▸ THE TASK
Pictures in the records below must be left out. Return exactly the lines from the line with "El hombre no" to the line with "Fulvia Plautilla (C.", both included.

▸ DATA TO PROCESS
========
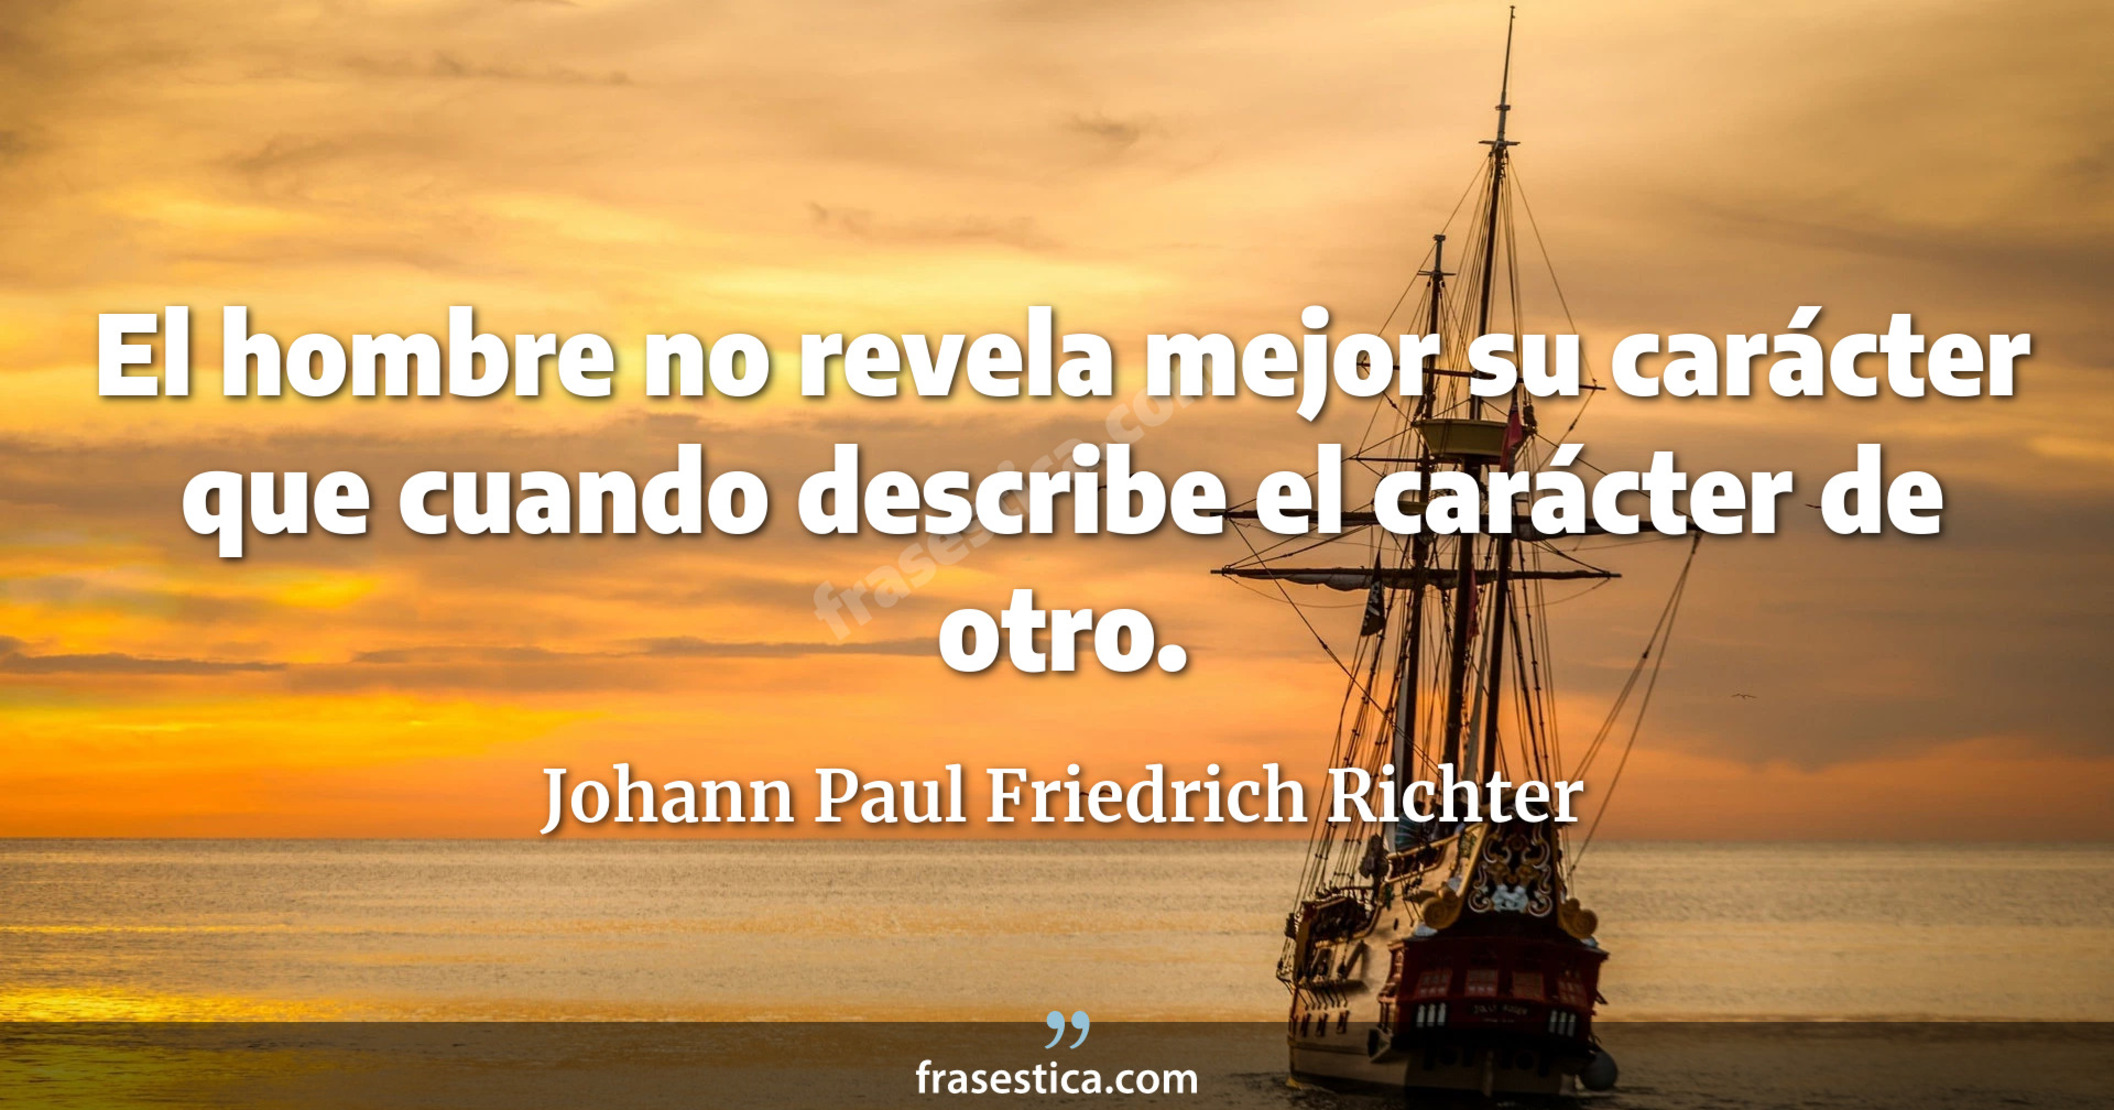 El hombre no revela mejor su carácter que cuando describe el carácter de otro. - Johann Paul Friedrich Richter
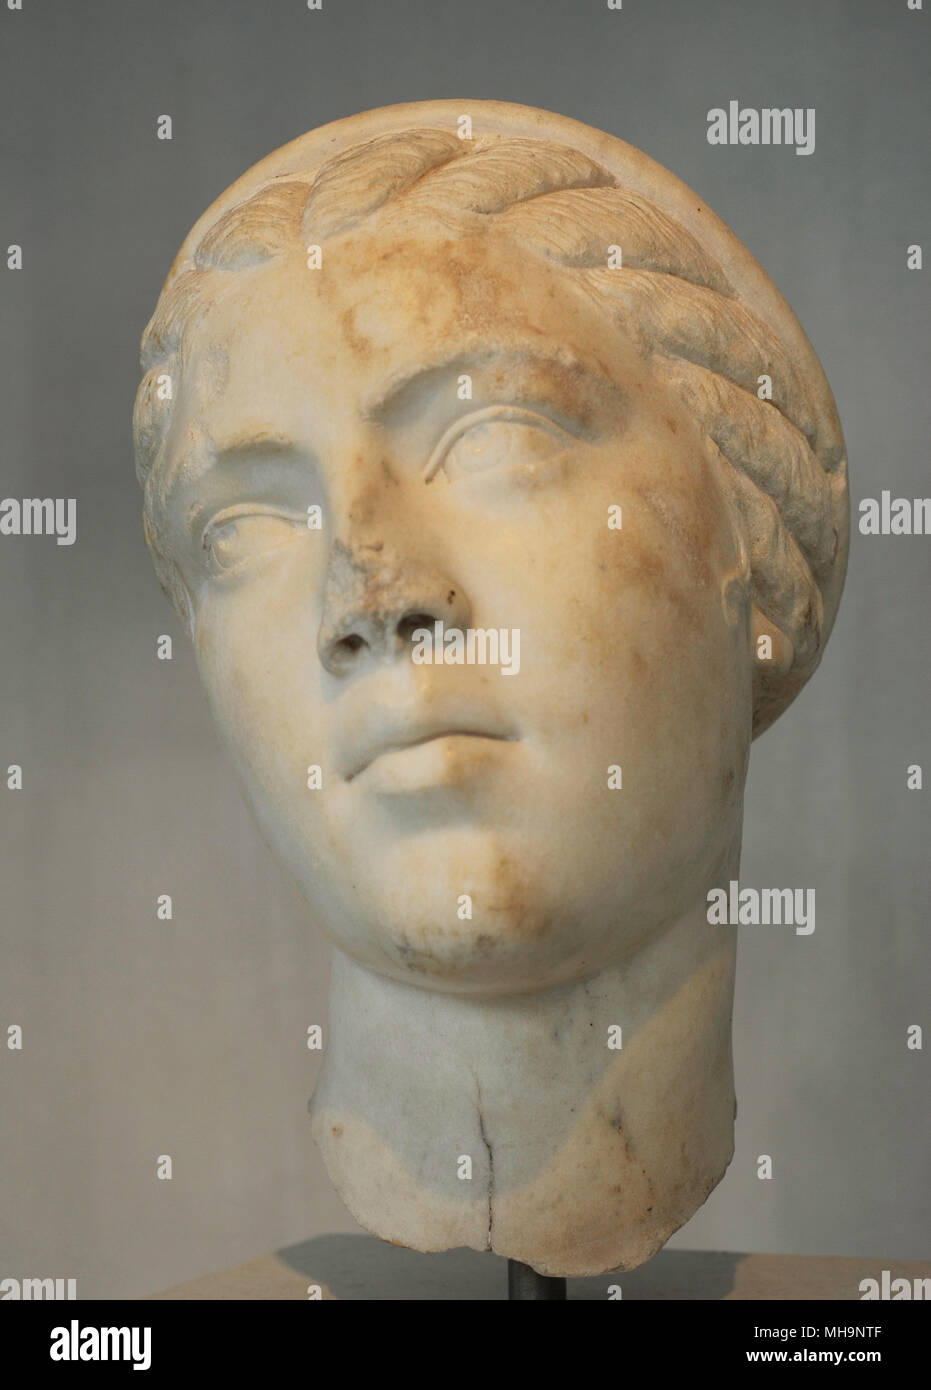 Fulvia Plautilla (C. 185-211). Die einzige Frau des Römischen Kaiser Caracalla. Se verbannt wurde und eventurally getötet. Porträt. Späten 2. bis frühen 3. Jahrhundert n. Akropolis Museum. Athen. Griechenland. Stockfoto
========
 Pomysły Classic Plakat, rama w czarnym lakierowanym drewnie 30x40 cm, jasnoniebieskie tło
========
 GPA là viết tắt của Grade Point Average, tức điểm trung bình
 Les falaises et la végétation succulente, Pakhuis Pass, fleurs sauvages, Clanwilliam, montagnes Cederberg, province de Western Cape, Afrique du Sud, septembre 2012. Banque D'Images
========
▸ FINISHED EXERCISE
 El hombre no revela mejor su carácter que cuando describe el carácter de otro. - Johann Paul Friedrich Richter
 Fulvia Plautilla (C. 185-211). Die einzige Frau des Römischen Kaiser Caracalla. Se verbannt wurde und eventurally getötet. Porträt. Späten 2. bis frühen 3. Jahrhundert n. Akropolis Museum. Athen. Griechenland. Stockfoto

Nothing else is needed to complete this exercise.